And we can visualize our predictions below:

using Plots

# Generate test dataset:
Xtest = rand(2, 100)
Ytest = mapslices(f, Xtest; dims=1)  # Alternative syntax to apply the function `f`

# View the predictions:
Ypredicted = model(Xtest)
scatter(Ytest[1, :], Ypredicted[1, :], xlabel="true", ylabel="predicted")

MilesCranmer commented 1 year ago

PR in https://github.com/FluxML/Flux.jl/pull/2108

mcabbott commented 1 year ago

I think this loop is exactly what we want in the quickstart:

for i in 1:10
    losses = []
    for (x, y) in loader

But I do not think the readme example should be as long as the quickstart one. We already have a problem with there being too many entry points, and I would like anyone reading a 30 lines to already be on a page of the docs (not the website tutorials, and not the readme).

More later.

MilesCranmer commented 1 year ago

I think generally it is good to keep the quickstart like a mini-tutorial while still being general enough so users can think about how to modify to their use-cases. So, in retrospect, I changed my mind and now agree with you that the dataloader is good to include!

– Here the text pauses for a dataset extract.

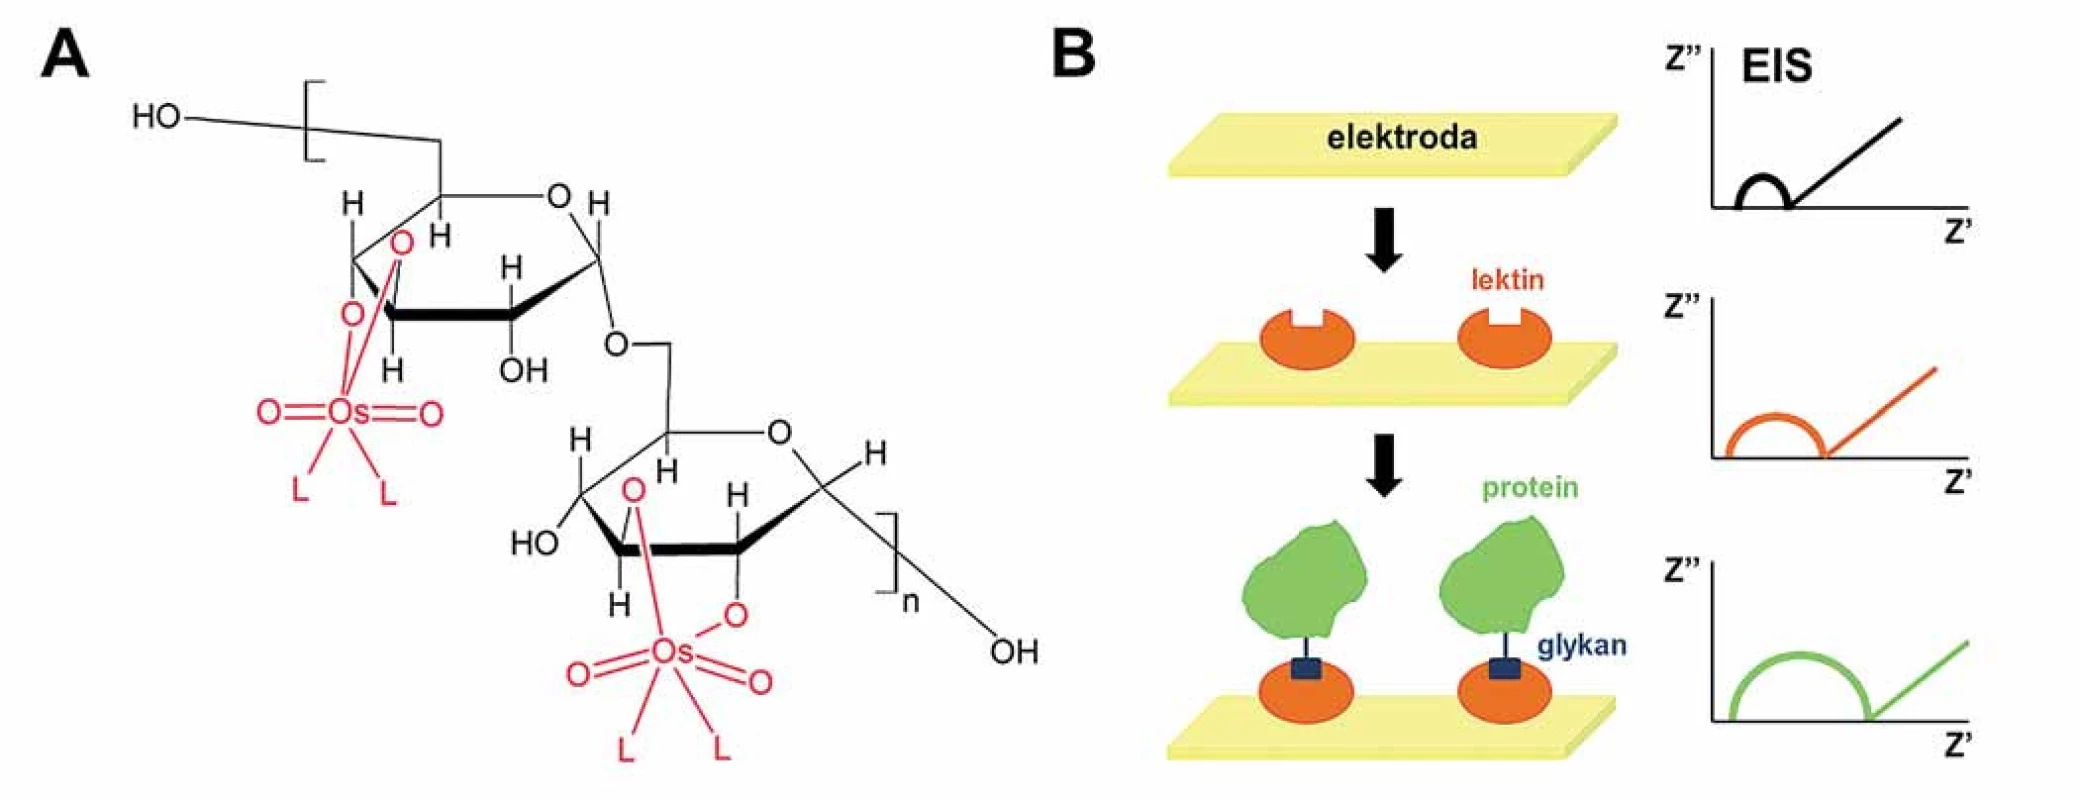 Elektrochemická analýza cukerné složky pro detekci glykoproteinů.
A. Modifikace oligosacharidů a polysacharidů pomocí komplexů šestimocného osmia a dusíkatého ligandu, Os(VI)L. B. Konstrukce lektinového biosenzoru pro detekci glykoproteinů pomocí elektrochemické impedanční spektroskopie (EIS). Velikost půlkruhu je úměrná odporu přenosu elektronů (a naopak nepřímo úměrná propustnosti vrstvy), a tudíž zvýšení odporu signalizuje přítomnost cílové bílkoviny.

I think many ML practitioners have very short attention spans - people will literally copy the quickstart example, try to hack it for their use-case using only trial-and-error, and never once read the docs, and quit if they can't figure it out. But once you "hook" them, and they can get something working for their use-case, then they will be much more likely to search around the docs pages to do something specific.

MilesCranmer commented 1 year ago

But I do not think the readme example should be as long as the quickstart one.

I think the first code example a user sees is the one they will assume to be the quickstart.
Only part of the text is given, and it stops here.